At first, Nawara Alawa felt she was forced to be a Hurricane.
She was raised by conservative Syrian parents who expected her to attend a university near her home in Miami Lakes. Hoping for more of a college experience, Alawa applied to 15 out-of-state schools. She planned to use an acceptance to an Ivy League as a bargaining chip.
This same reluctant girl is now proud to have been inaugurated as Student Government (SG) president on Wednesday night.
“Look at me now, I’m that girl that has half-orange, half-green Converse that say Canes on the back, and I’m screaming at every game, and I’m Student Government president,” she said. “It’s such a ‘180’ from where I started.”
This change came after Alawa unenthusiastically succumbed to her parents’ wishes.
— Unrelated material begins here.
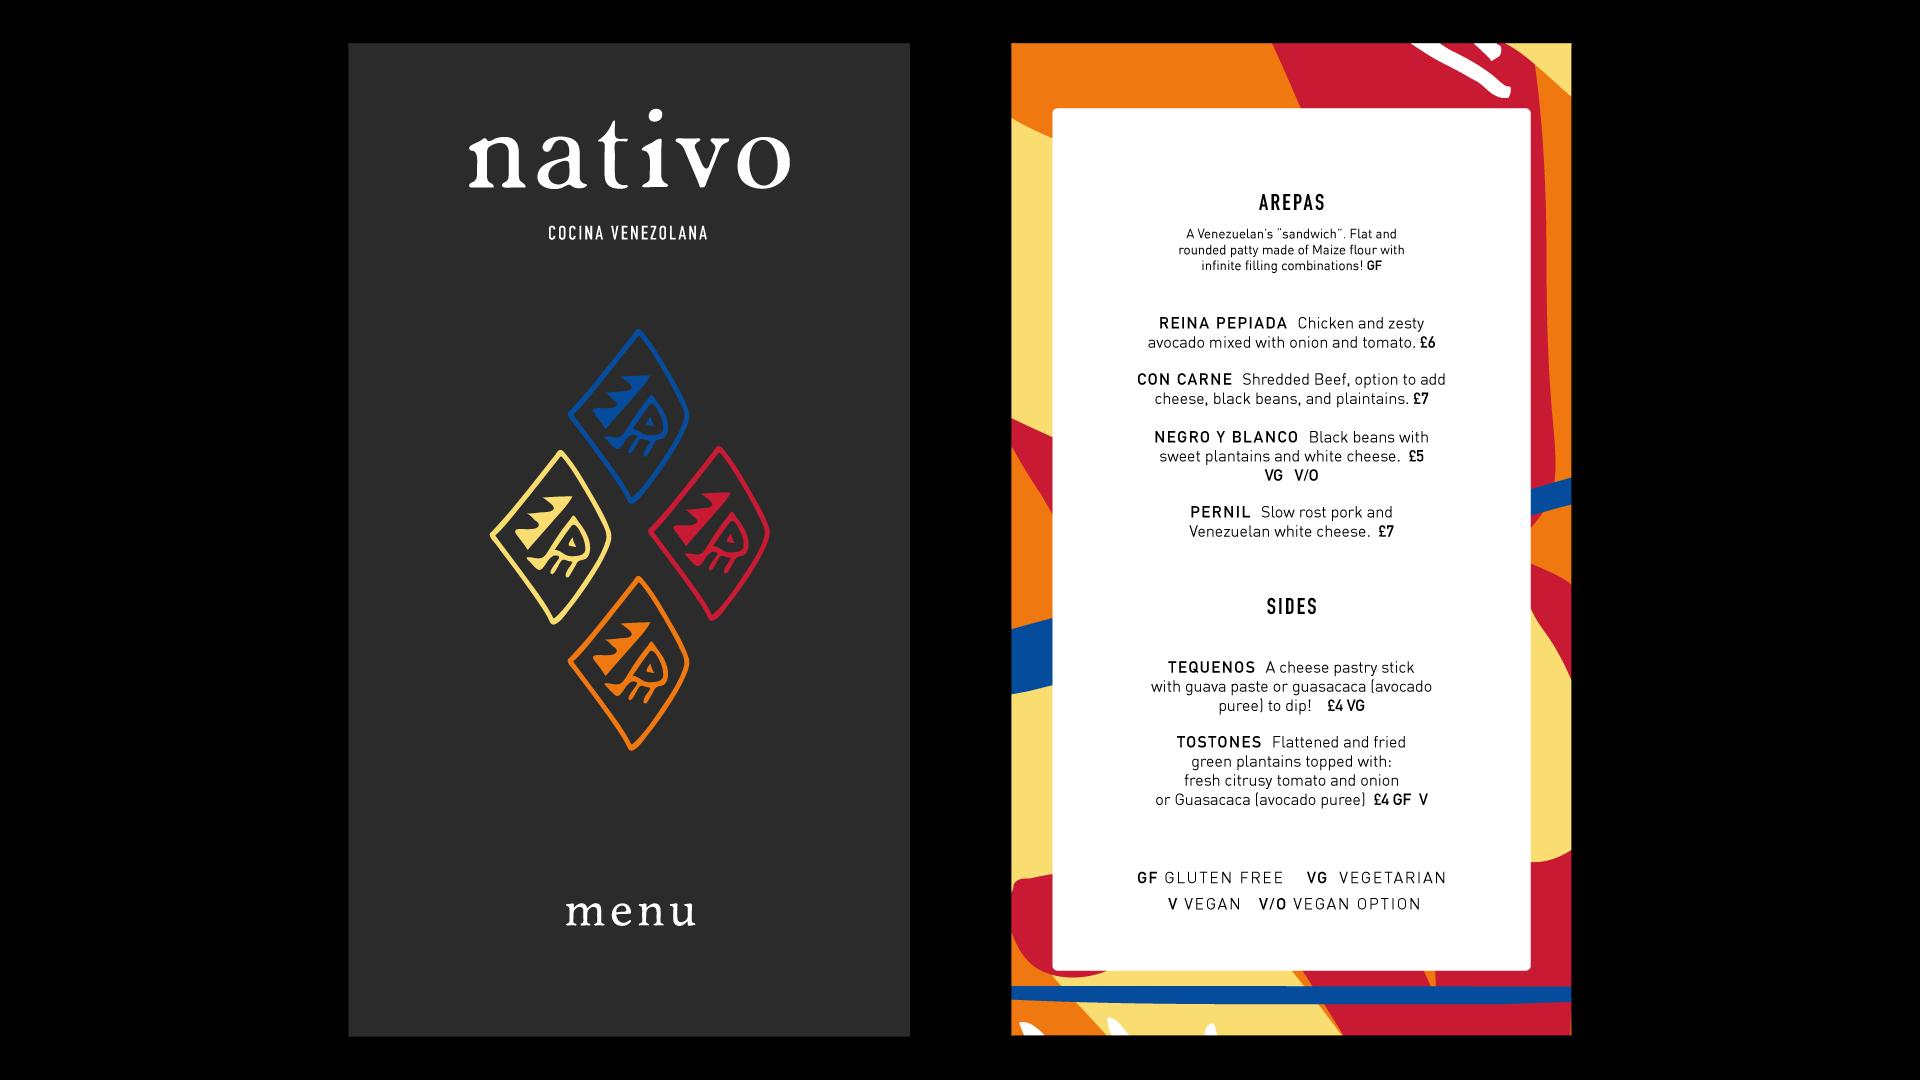 Nativo_menu.png

She decided to attend UM’s Great Start, an overnight pre-orientation program where commuters stay in the dorms – just to spite her parents.
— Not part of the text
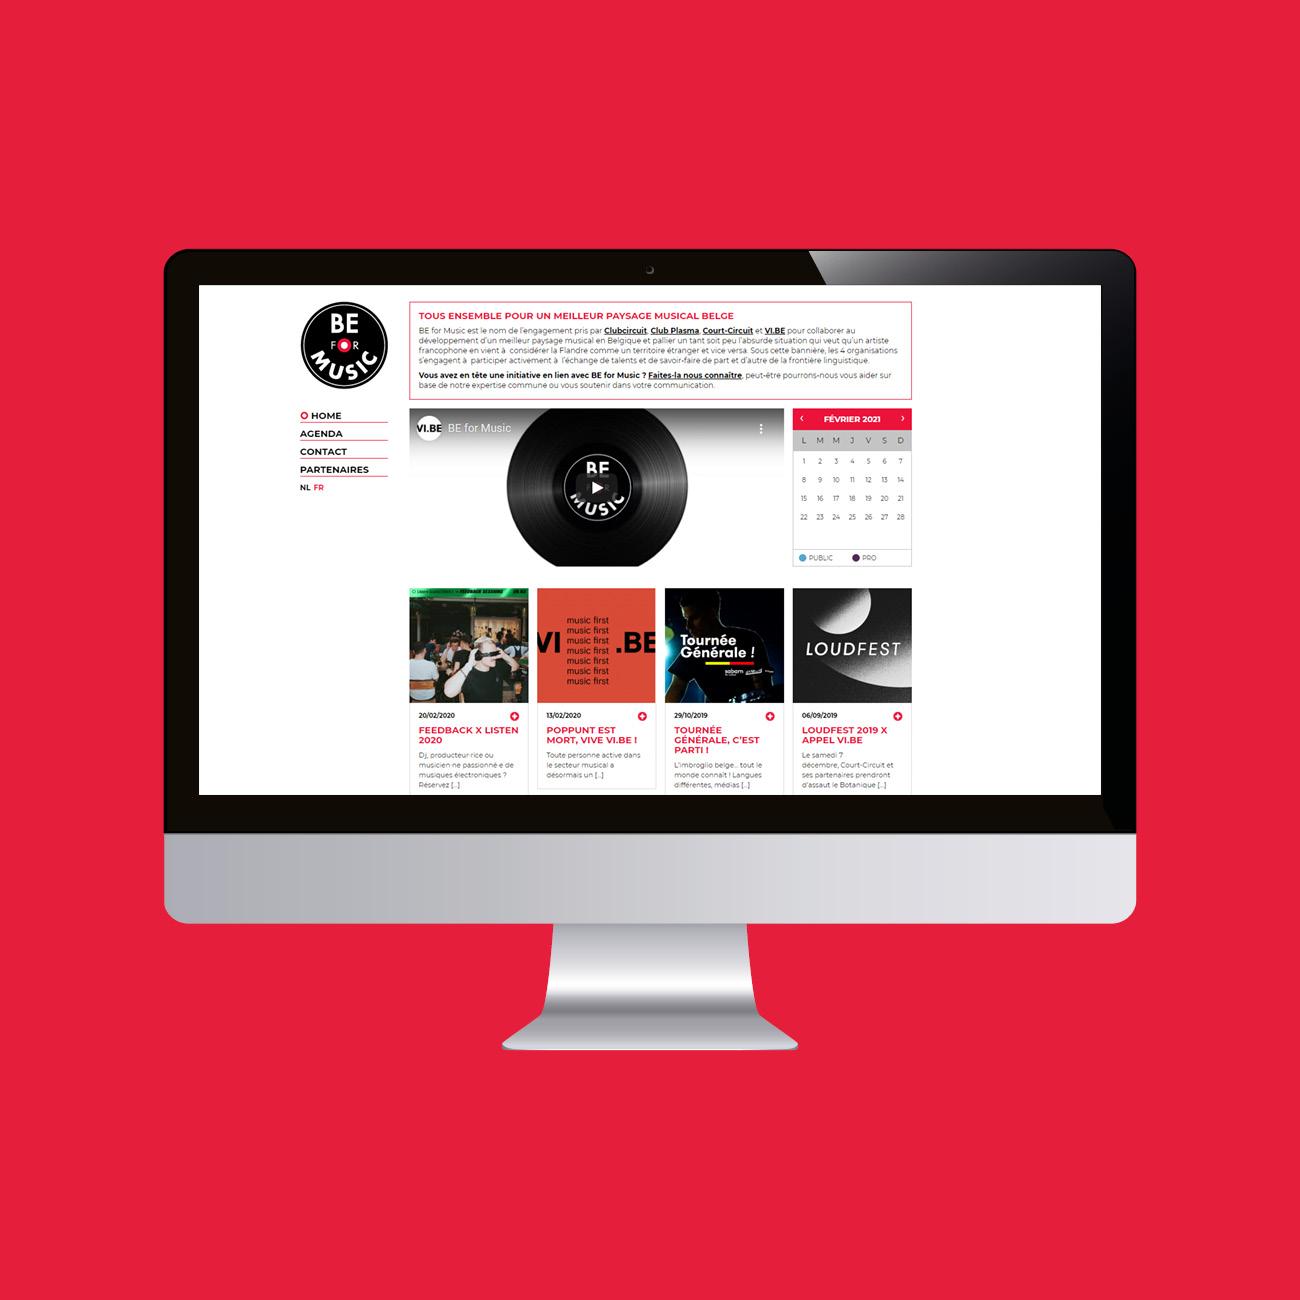 Miko Digital Agence web à Liège - Création site web BE for Music

There, Alawa heard an alumna speak about making the best of the commuter experience. Alawa realized that getting involved on campus while living at home was a possibility.
“She found a way,” Alawa remembers telling herself. “I’ll find a way.”
Alawa quickly fell in love with the University of Miami, first by joining her Association of Commuter Students family.
She also was drawn to participate in the Butler Center for Leadership and Service.
Working with the Butler Center, Alawa brought an ex-neo-Nazi to campus for the “Turning Away From Hate” event as a freshman.
That same year, Alawa became involved in SG Senate.
Winning over others
Alawa credits getting so absorbed in campus life to her outgoing personality.
“I was always the girl that had friends all over the place,” she said.
Senior Jake Krupa, chief of the Iron Arrow Honor Society, said that Alawa – a recent Iron Arrow tappee – values individuals. Iron Arrow is the highest honor attainable at UM.
She said that helped her get to know all of her supporters during her campaign for the SG presidency.
“Nawara makes a very concentrated effort to get to know someone, and she never thinks she’s above someone else,” Krupa said.
Alawa calls this quality “WOO,” which stands for winning over others.
Borrowing from personality descriptions from a leadership assessment quiz she once took, Alawa said her motto is: There’s no such thing as a stranger, only a new friend to be made.
“I love people,” said Alawa, whose friends say she has “awkward swag” because of the way she’ll introduce herself to complete strangers.
Roland Calderin, a freshman who works at the Butler Center, is one of many people Alawa has won over. They met as fellow commuters and participated in the STRIVE service community together.
“She’s always looking out for me and trying to make me the best that I can be,” Calderin said.
Staying on track
Although Alawa is sometimes on campus for more than 16 hours a day, she has been able to maintain the family life her parents highly value.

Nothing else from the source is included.